According to the SAFE Center for Critical Minerals Strategy (SAFE), many mining companies around the world have a record of human rights abuses, fostered by weak or absent governance and lack of transparency. SAFE cites child and forced labor and population displacement as prevalent issues associated with mineral mining, particularly cobalt mining.
The Energy Resource Governance Initiative
The U.S. Department of State and the governments of Australia, Botswana, Canada, and Peru launched the Energy Resource Governance Initiative (ERGI) in 2019 to promote transparency and international coordination on responsible mining. Their ERGI Toolkit shares best practices for responsible mining across the critical mineral supply chain.
Twelve different international standards offer “best practices” for responsible mining. Developed by national governments, industries, and multi-stakeholder groups, these practices address issues including child labor and forced labor, water quality, mining waste and land reclamation, tribal engagement, and community engagement. These standards, however, are largely voluntary and lack reporting and enforcement mechanisms. The variety of these often-overlapping standards also sows confusion over which standard to sign on to, leading to inconsistencies in mining practices.
Secondary recovery, or secondary production, refers to the recuperation of critical minerals from the tailings of the initial extraction and processing of other materials, or from discarded end-use products. This alternative to mining avoids many harmful environmental and public health impacts, conserves limited raw mineral supplies, promotes a circular economy, provides a level of resilience against supply chain disruptions, and bolsters national security.
In recent years, increased research, development, and investment has led to new methods of extracting critical minerals. For example, researchers at Oregon State University found that the brine wastewater discharged by desalinization plants across the world contains 17,400 tons of lithium. Some universities (including Oregon State), private companies, and federal agencies are now developing methodologies and technologies for recovering this lithium. A 2024 study by the University of Texas found that U.S. stockpiles of coal ash, a waste product of burning coal, contain 11 million tons of rare earth elements, worth $8.4 billion. Several U.S. National Laboratories have also explored methods of critical mineral recovery from mine tailings and brine waste.

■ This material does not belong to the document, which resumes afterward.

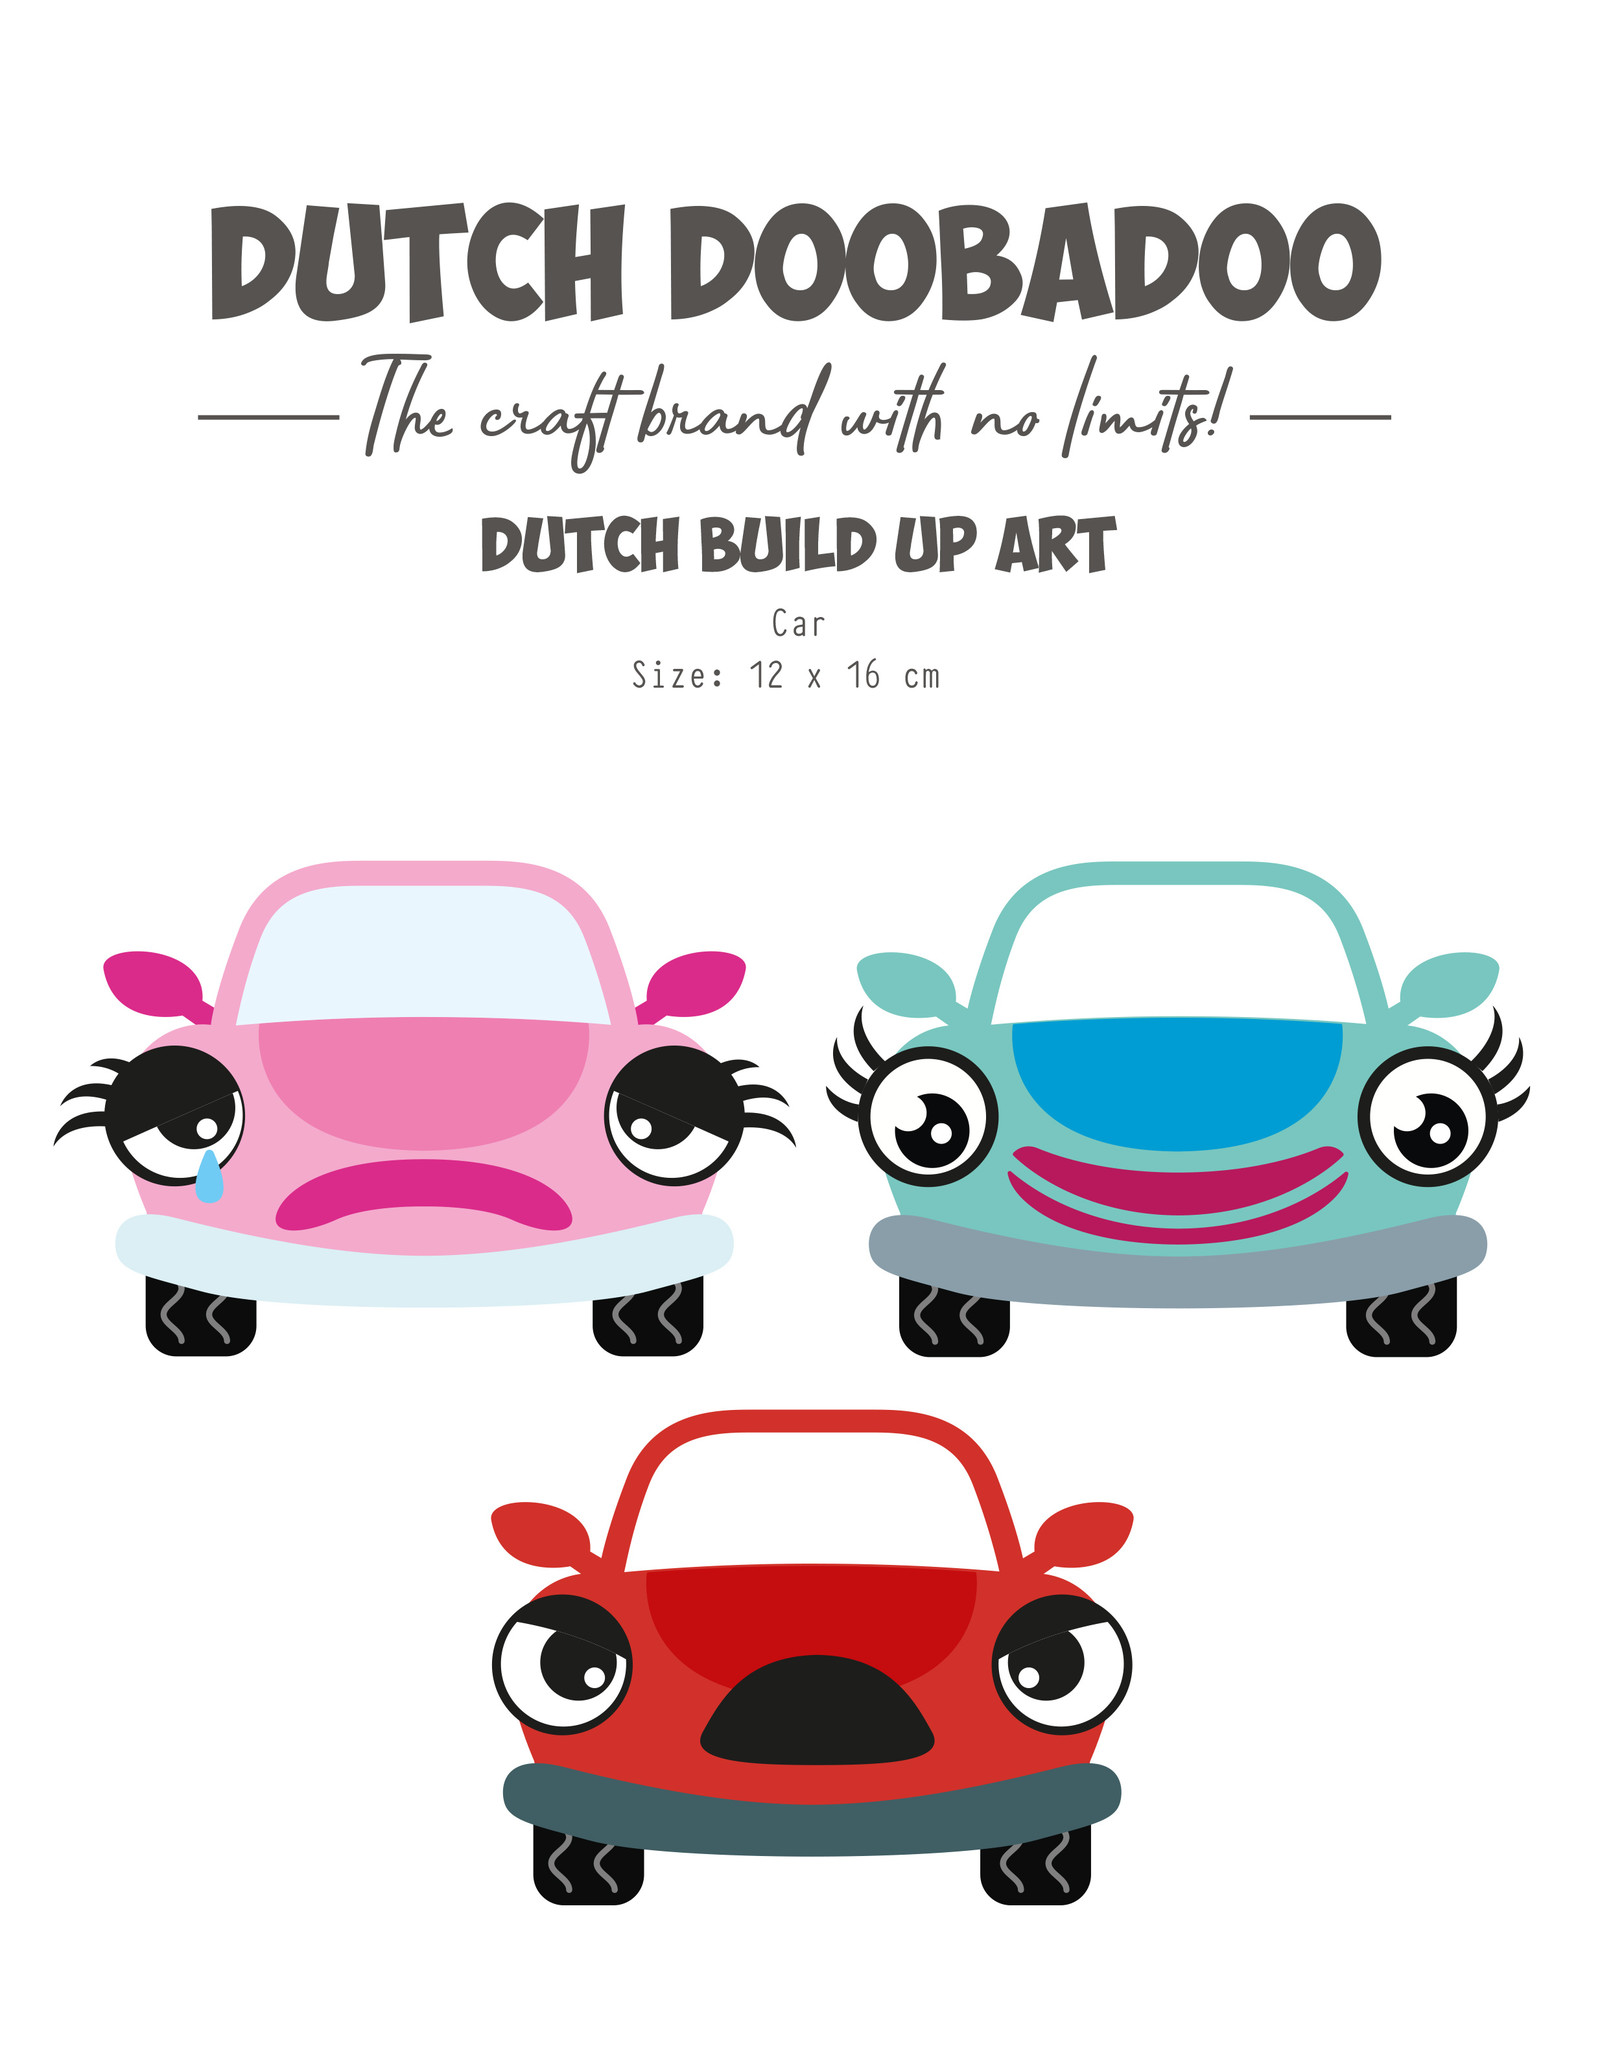 Dutch Doobadoo DDBD Build Up Art Car  A5

Barriers to widespread secondary recovery remain. For one, secondary recovery is more expensive than mining raw materials. Greater technical expertise and a new and larger workforce are also needed to support the scaling-up of emerging secondary recovery techniques. As this workforce grows, it will require policies and standards to protect workers who are handling hazardous materials, such as coal ash.

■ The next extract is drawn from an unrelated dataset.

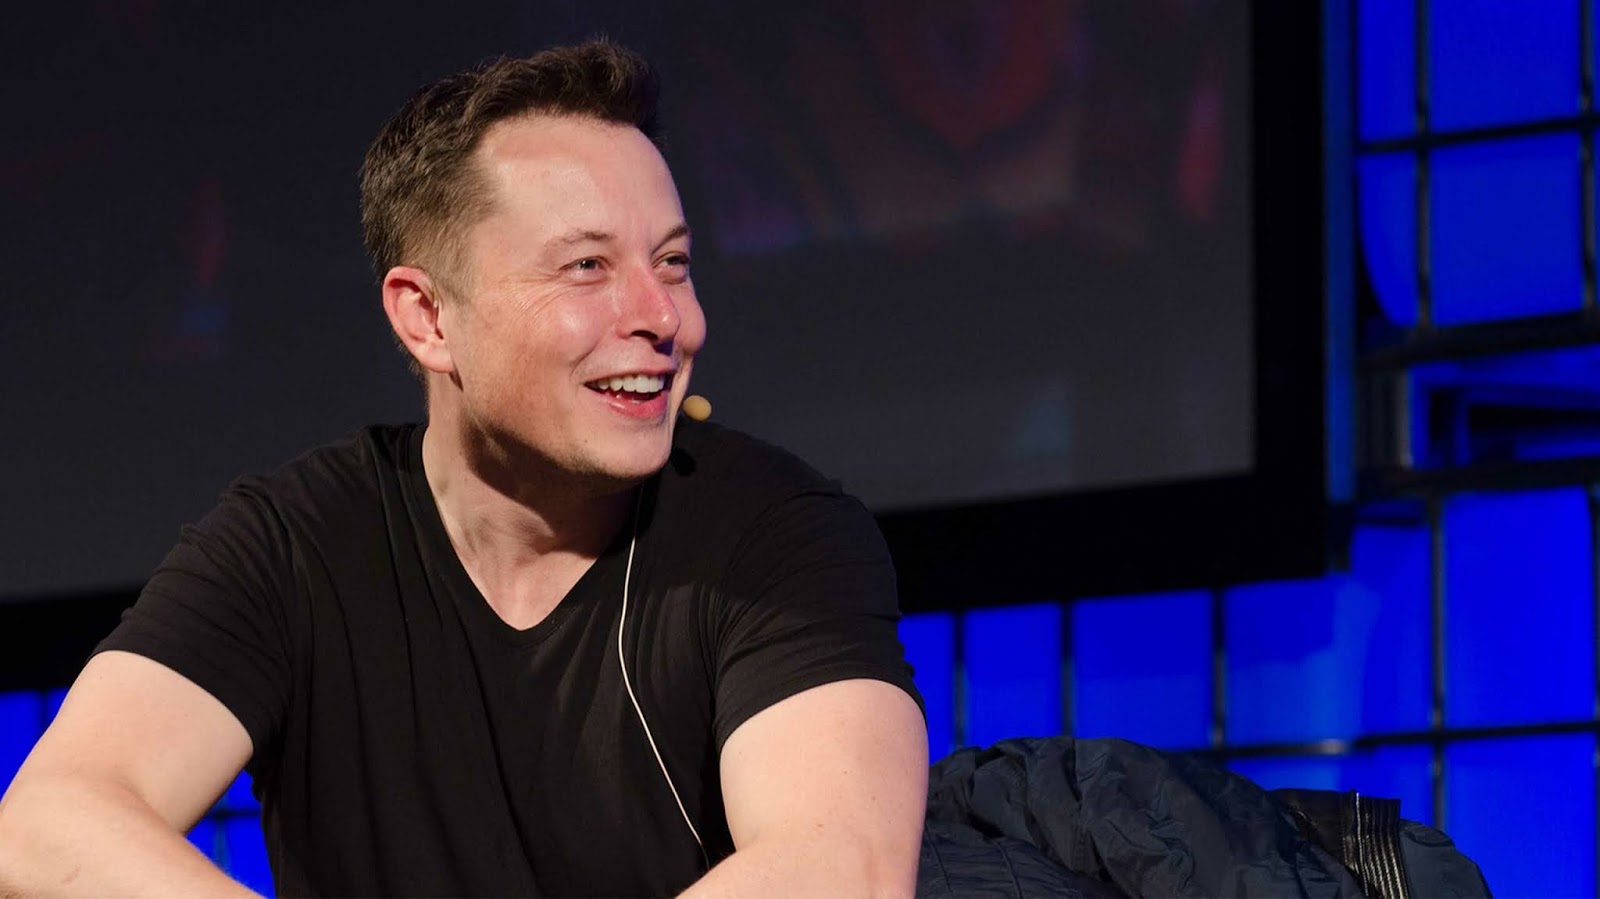 Elon Musk Net Worth in 2020?

Limited Recycling Feedstock
Critical mineral recycling requires a sufficient feedstock of end-use products. This supply is hampered in the United States by inefficient, inconsistent, or absent collection systems at the federal, state, and local levels. Many viable end-use products remain in households indefinitely, or end up in a landfill. Other end-use products, like lithium-ion batteries for electric vehicles, are not expected to reach end-of-life in sufficient numbers until 2030, according to the International Energy Agency. And while valuable feedstock of products like old wind turbines and solar panels have been ready for recycling, the United States lacks viable recycling methods for these products.

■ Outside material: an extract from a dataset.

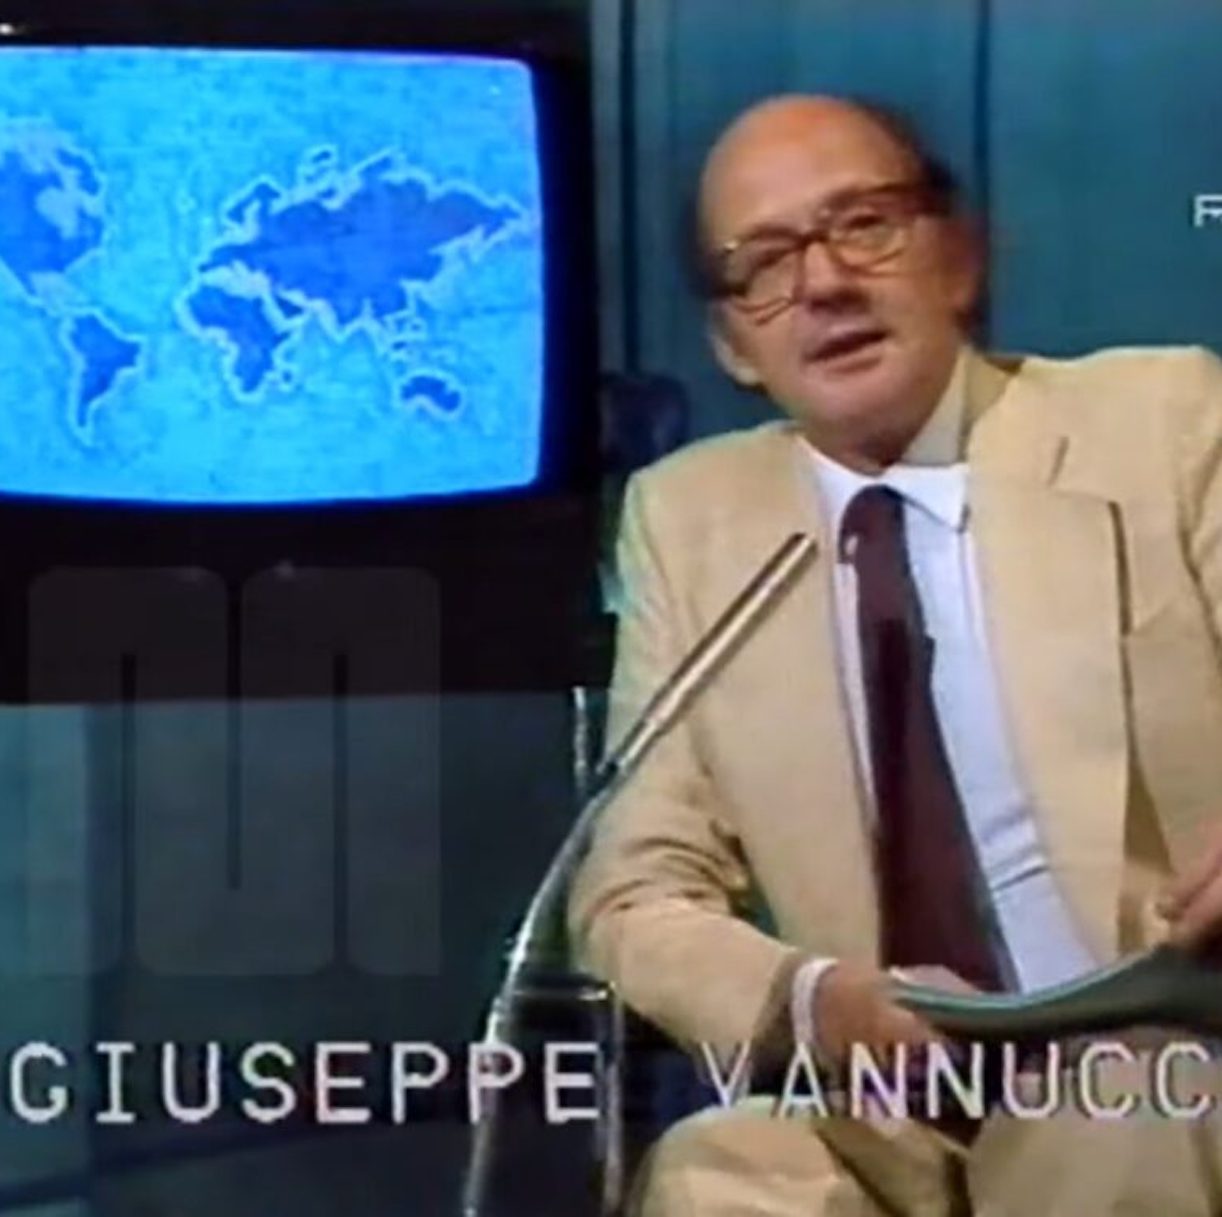  È morto il famoso giornalista Giuseppe Vannucchi
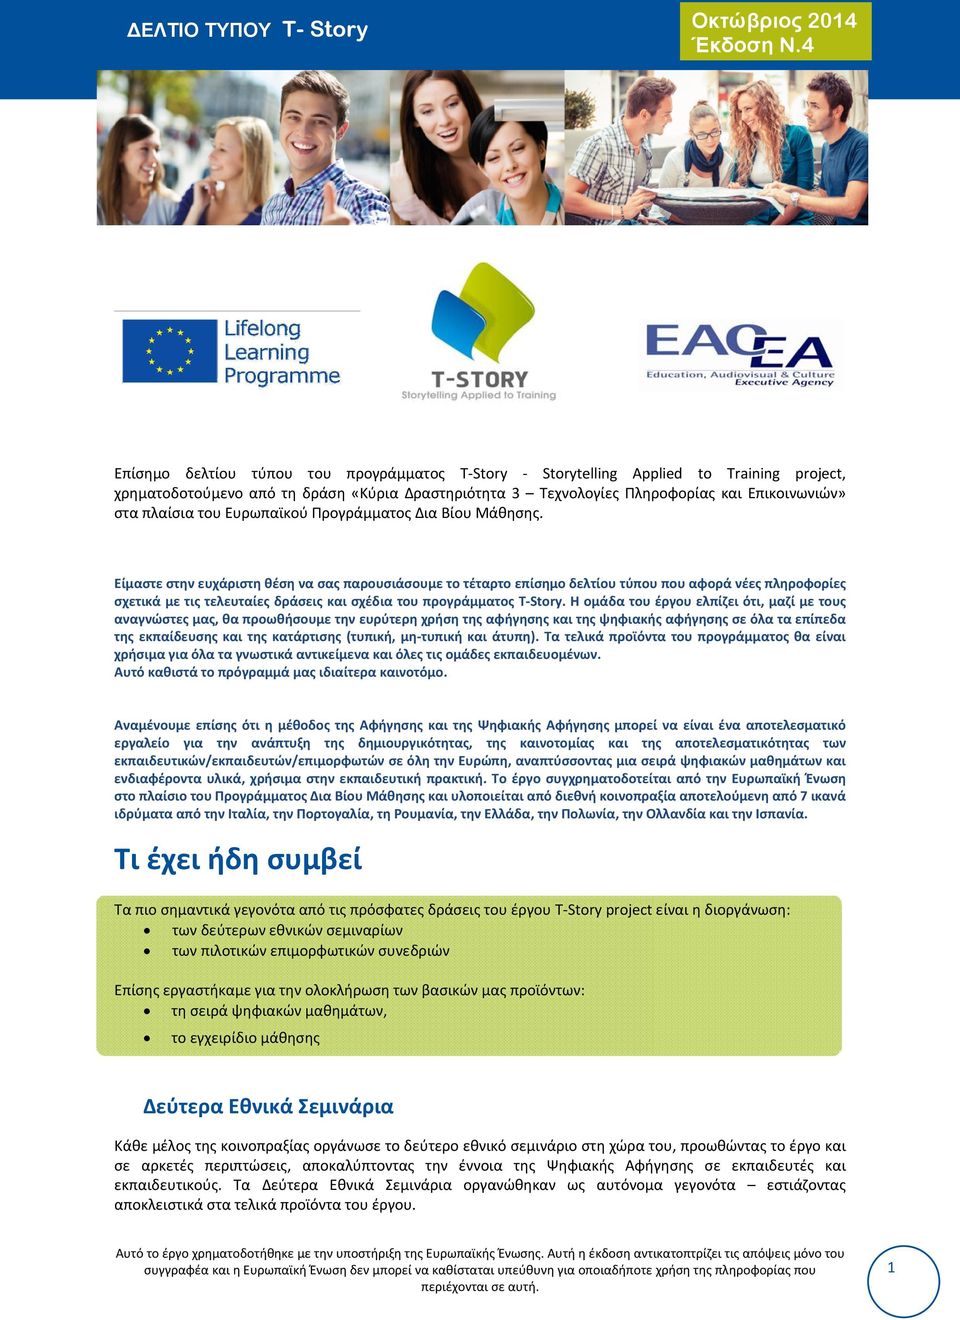 Ευρωπαϊκού Προγράμματος Δια Βίου Μάθησης.

Some critical minerals can, to varying degrees, be recycled for continuous reuse. The physical collection, separation, and reprocessing of scrap metal and discarded end-use materials can generate new supplies of critical minerals. The United States has recycling streams in place for at least 14 minerals, including those important in clean energy technologies such as aluminum, cobalt, gallium, magnesium, nickel, and platinum.
Domestic recycling systems for many other critical minerals are in their infancy. The lower cost of mining over recycling, gaps in research and development, limited supplies of source material (i.e., discarded products containing critical minerals), and difficulties in separating and stripping source material to extract minerals prevent recycling systems from becoming a significant and reliable source for critical minerals.
Competition for limited raw minerals and high costs of domestic mining can incentivize a shift in investment toward recycled supplies. Investment in research and development can identify ways of recycling other critical minerals for which a recycling process does not exist or is not yet scalable. The improved design and manufacturing of end-use products (e.g., using screws instead of glue during assembly) can make products easier to recycle. Finally, comprehensive policies for the collection of end-use products can help keep viable source materials in the supply chain.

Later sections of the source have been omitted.